This week articles in Science and Scientific American blasted the use of crops as biofuel feedstocks. The studies question the environmental benefits of ethanol, forecasting gloomy scenarios based on corn-ethanol  farming technologies as they exists today. They do so by effectively changing the way the carbon footprint of the fuel is calculated by directly linking global forest and land depletion to biofuels.

However, the real driver of forest depletion is not biofuels, its people. Population growth across the globe is increasing demand for agricultural land for food, clothing, etc. If biofuels production stopped altogether, the deforestation outlined in the study would not change. It’s erroneous to link agriculture expansion solely to biofuels, when all agriculture products make up the demand for land. Past studies have singled out organic farming practices, animal feed, and coffee – to name a few. This study has opted to ignore all other agricultural sectors, see here: http://www.sciam.com/article.cfm?id=biofuels-bad-for-people-and-climate

Propel is providing access to the cleanest low carbon fuels available. Fuels that solve the problem, not add to it. Our feedstocks come from sustainable sources that do not deplete our essential forest lands. The world’s current fuel, petroleum – is not sustainable. And while a few scientists focus on calculating worst case scenarios, there are scientists and businesses actively working on second generation, low impact feedstocks, like algae, that have huge potential to provide truly sustainable biofuels.

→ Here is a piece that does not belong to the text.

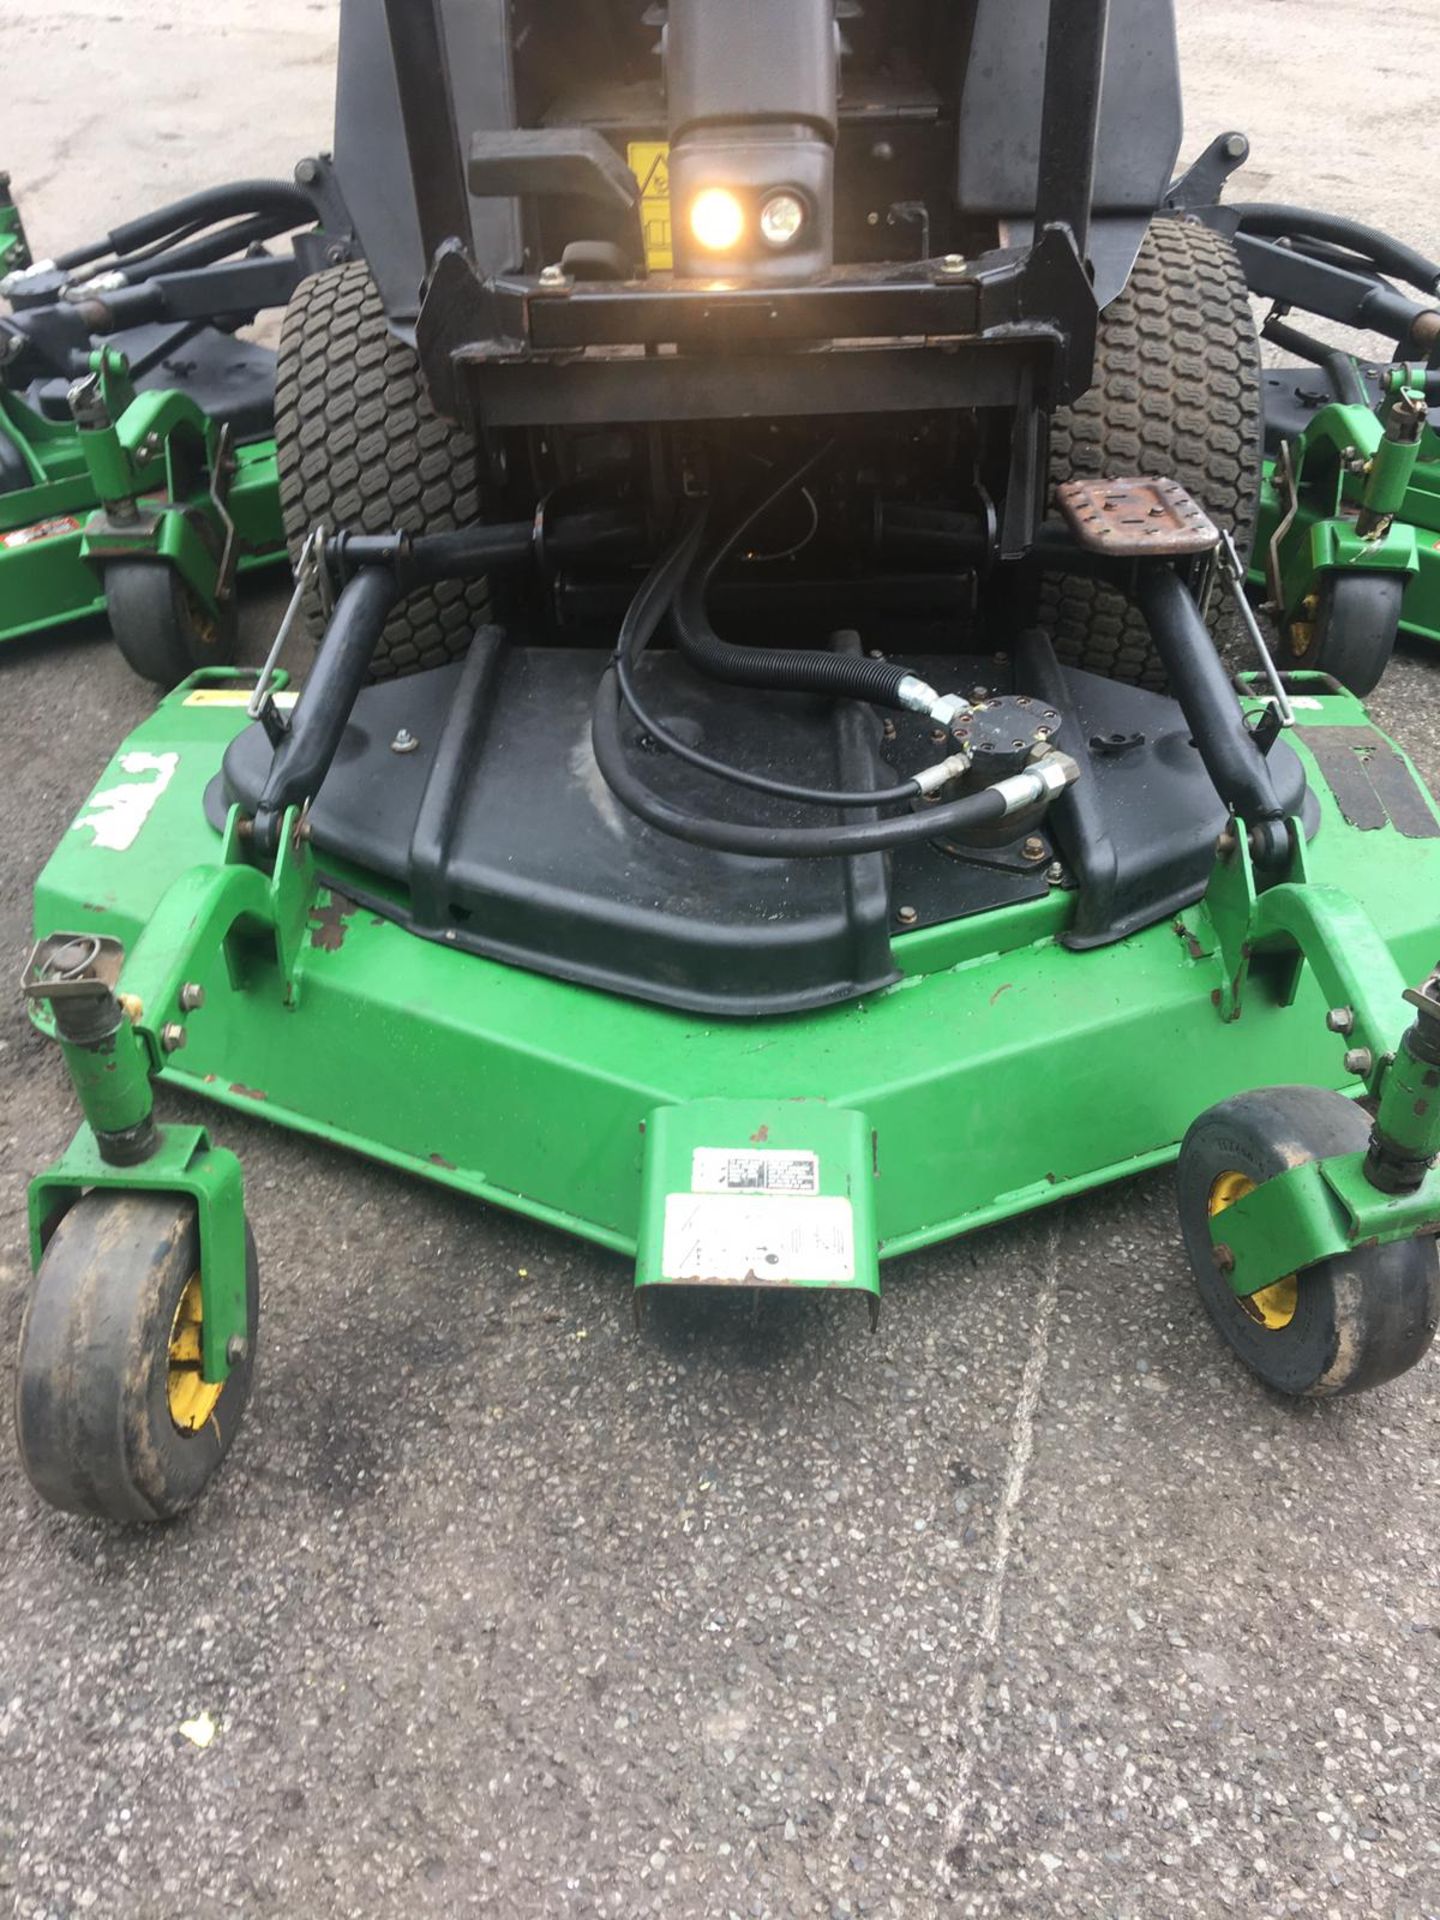 JOHN DEERE 1600 WIDE AREA TURBO BATWING RIDE ON LAWN MOWER, CRUISE CONTROL, RUNS & WORKS *NO VAT* - Image 6 of 24

So what are other experts saying? Here’s a sample…

NRDC
http://switchboard.nrdc.org/blogs/ngreene/biofuels_not_quite_dead_yet_th.html
There are no easy solutions to a low-carbon transportation sector that do not require a significant contribution from biofuels. The challenges facing vehicle efficiency, electrification, VMT reductions, smart growth are different from those facing biofuels (they lessen the benefits we can get instead of risking costs), but for me, they do mean that the just-say-no approach to biofuels is irresponsible.

25x’25 Responds to Media Coverage of Studies Published in Science Magazine

http://www.25×25.org/index.php?option=com_content&task=view&id=379&Itemid=57

Studies recently detailed in Science magazine address the possible consequences of a faulty approach to utilizing lands to produce biofuel feedstocks. Unfortunately, mainstream media coverage of the studies failed to report that they also identified ways to avoid these problems and insure that future biofuels give us both a new renewable energy source and greatly reduced greenhouse gas emissions.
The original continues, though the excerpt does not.